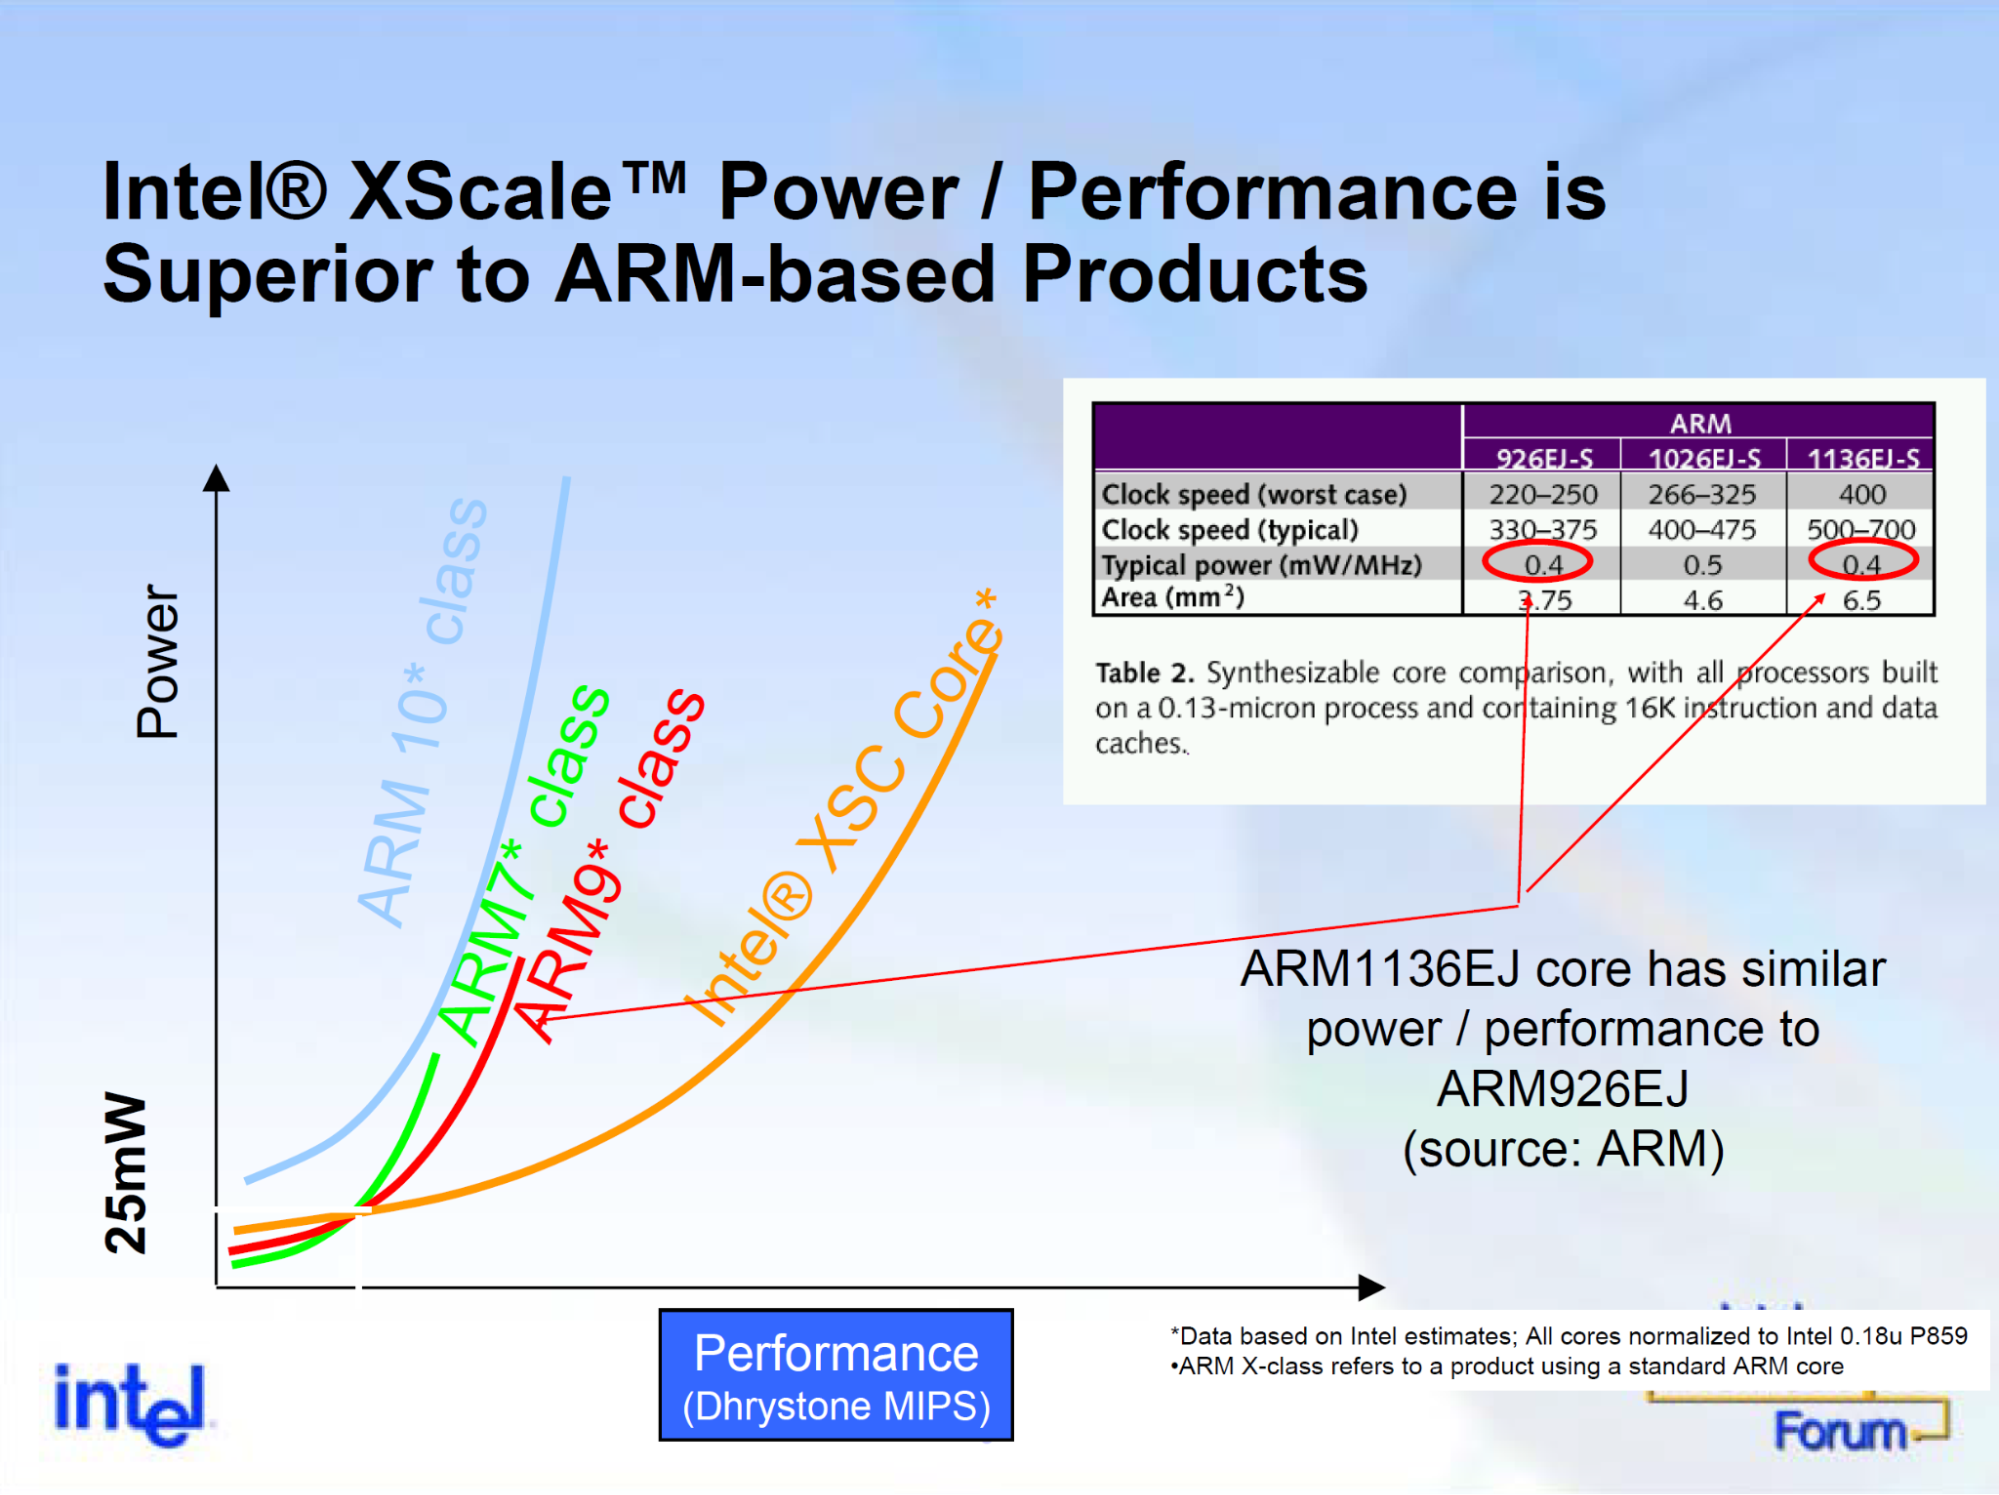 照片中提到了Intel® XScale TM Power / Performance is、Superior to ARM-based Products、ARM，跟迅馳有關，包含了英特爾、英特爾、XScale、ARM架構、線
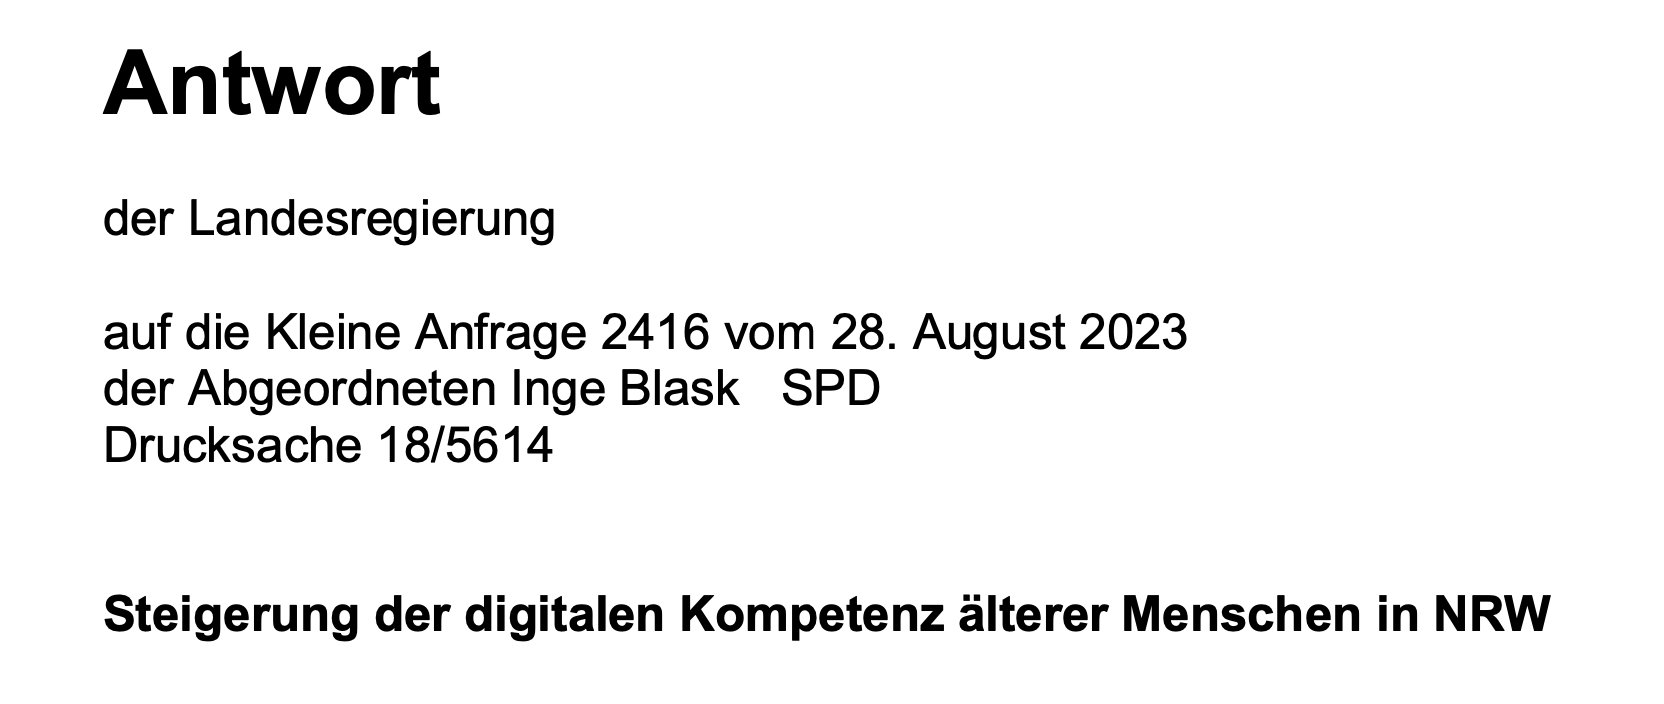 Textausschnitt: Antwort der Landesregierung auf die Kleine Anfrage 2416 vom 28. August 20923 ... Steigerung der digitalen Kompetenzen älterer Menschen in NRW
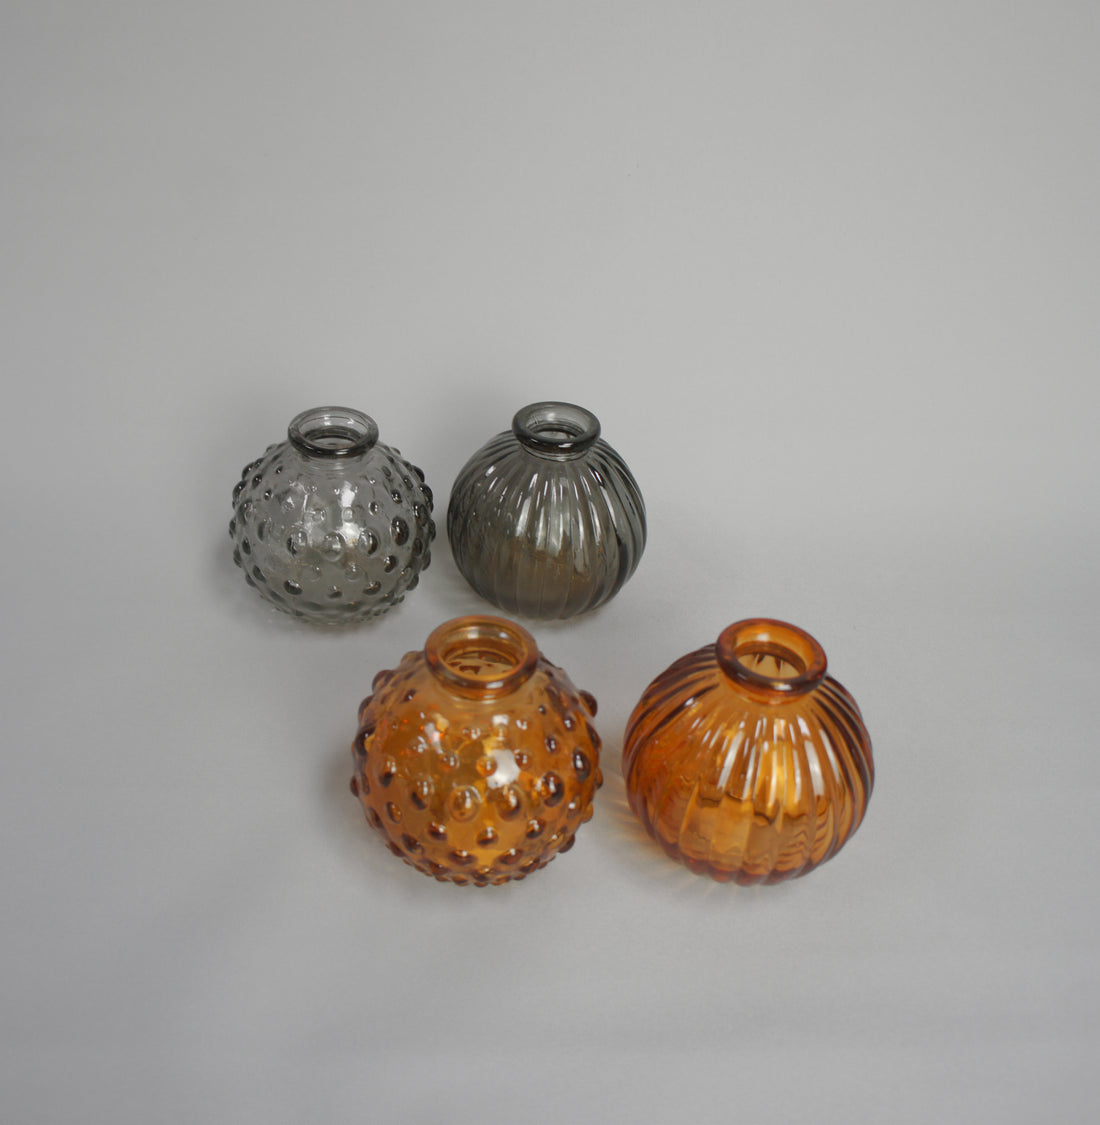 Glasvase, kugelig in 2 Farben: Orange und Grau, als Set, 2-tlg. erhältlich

──────────────────────────────

• **What to work on**:
Going from the line holding "Textausschnitt: Antwort der" to the last line of the data above, reproduce every line exactly, both included, with the pictures omitted.

• **Answer area**:
 Textausschnitt: Antwort der Landesregierung auf die Kleine Anfrage 2416 vom 28. August 20923 ... Steigerung der digitalen Kompetenzen älterer Menschen in NRW
 Glasvase, kugelig in 2 Farben: Orange und Grau, als Set, 2-tlg. erhältlich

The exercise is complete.